Голосом, в котором были надежда и неуверенность, женщина произнесла:
— Петя… — А потом закричала: — Петя! Петенька!
Она пошла вперед, не видя ничего и не соображая ничего. Слезы полились из ее глаз, а она только твердила как в беспамятстве.
— Петя! Петенька!
Мальчик оглянулся, посмотрел на женщину и вдруг бросился прочь, подпрыгивая и оступаясь на левую ногу, как подбитый, выпавший из гнезда птенец. Он не хотел, чтобы повторилось прежнее, чтобы опять кто-нибудь с ним пожил, а потом собрался в дорогу. Он устал ждать.
По черным кучам и рытвинам, спотыкаясь о сизые обручи и обгорелые кирпичи, мать бежала за мальчиком, а он с невнятными тонкими выкриками мчался прочь.
У крайнего пепелища он зацепился ногой за телефонный провод, упал, и тогда женщина его нагнала.
— Петя, — сказал она. — Петенька…
У нее не было других слов, а мальчик не знал, что ответить.
Прошло много дней, а мальчик не признавал свою мать. Память его хранила другой образ — молодой и неизмученной женщины, и он продолжал ждать ту, которой не было на свете.

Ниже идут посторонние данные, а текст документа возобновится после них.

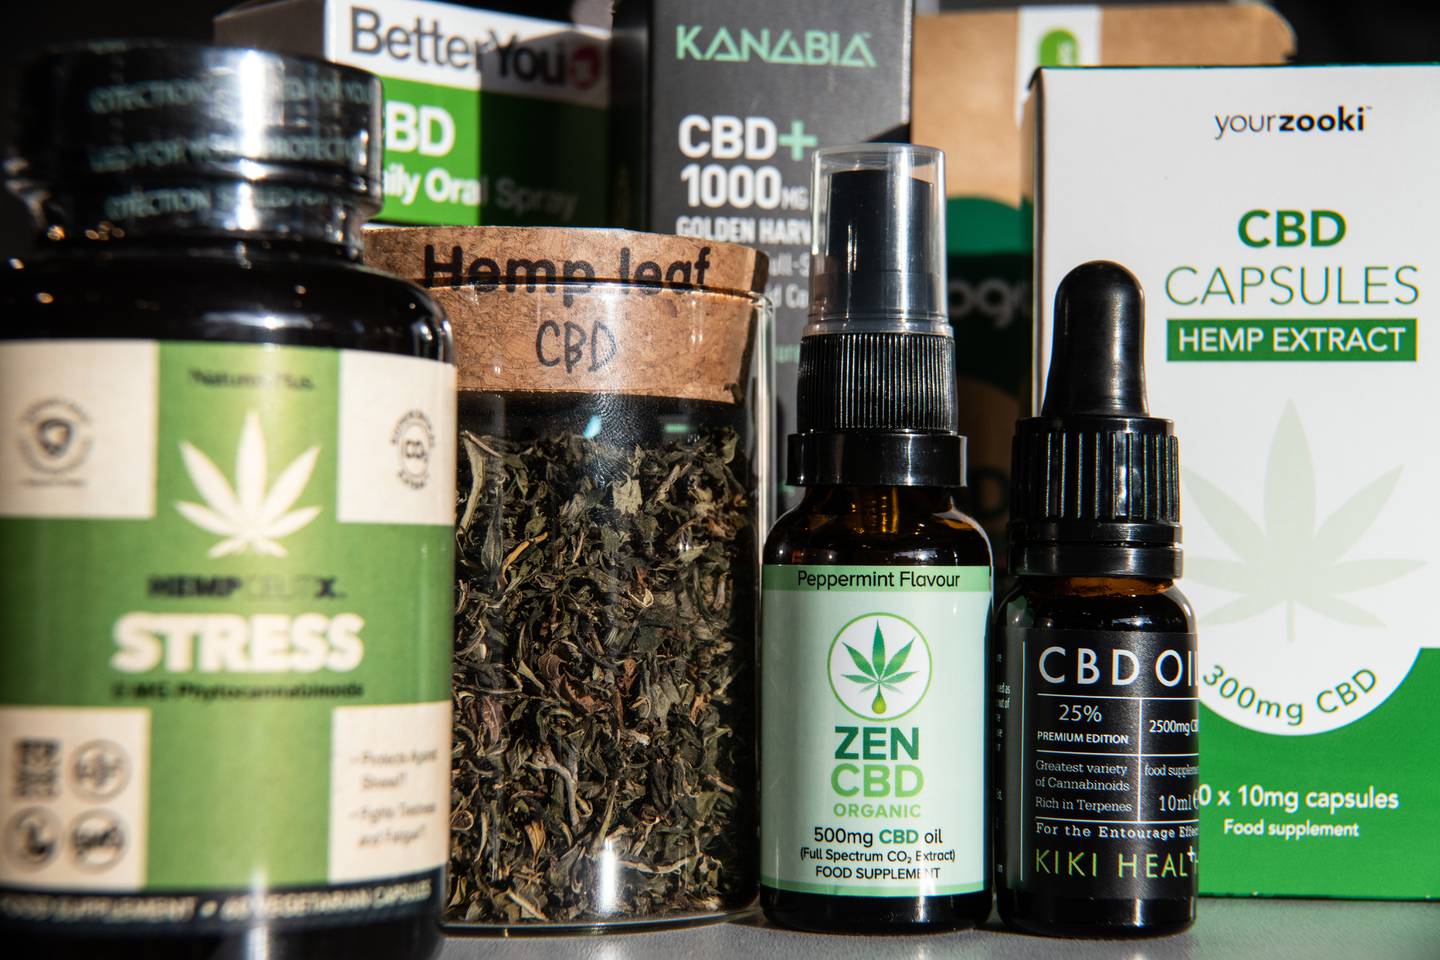 A collection of small jars and boxes that contain hemp and CBD.

Юкачева смастерила на том месте, где стоял их дом, шалаш из жердей, кусков кровельного железа и соломы. Фронт в это время уже откатился на запад. Как-то один проезжий, досужая голова, переночевав у Юкачевых, сказал, что в шалаше тесно, пора строить дом. Среди ездовых, шоферов и прочего военного народа попадались разные люди. Объявились два лесоруба — на рассвете они в лесу заготовили бревна. Плотники попались — возвели стены. А там кто-то печником назвался — он печку сложил. Маляр заночевал — двери выкрасил. И встал среди мертвой земли новый дом из белых бревен, не успевший потемнеть от дождей и солнца.
Петя по-прежнему не понимал, что мама его вернулась. Иногда Юкачева ловила на себе пристальный, испытующий взгляд сына, она спрашивала:
— Петя, что тебе?
Мальчик отвертывался и молчал, а как-то спросил:
— Ты кто?
— Это я, Петенька, неужели не узнаешь? Я, твоя мама, — ответила Юкачева и заплакала.
Петя молчал. Он не верил.
Однажды он спросил: скоро ли она уйдет?
— Куда? — не поняла его Юкачева. — Я никуда не уйду. Мы теперь всегда будем вместе.
— Уйдешь, — сказал мальчик. — Все уходят. А потом вернешься. Я буду ждать.
— Кого ты ждешь? — с тоской спрашивала Юкачева.
А мальчик все приглядывался к ней, точно сравнивал ее с кем-то. Когда Юкачева целовала его на ночь, он с тихим удивлением посматривал на нее. Может быть, эти проявления любви — простые и естественные — будили в его памяти забытые ощущения материнской ласки?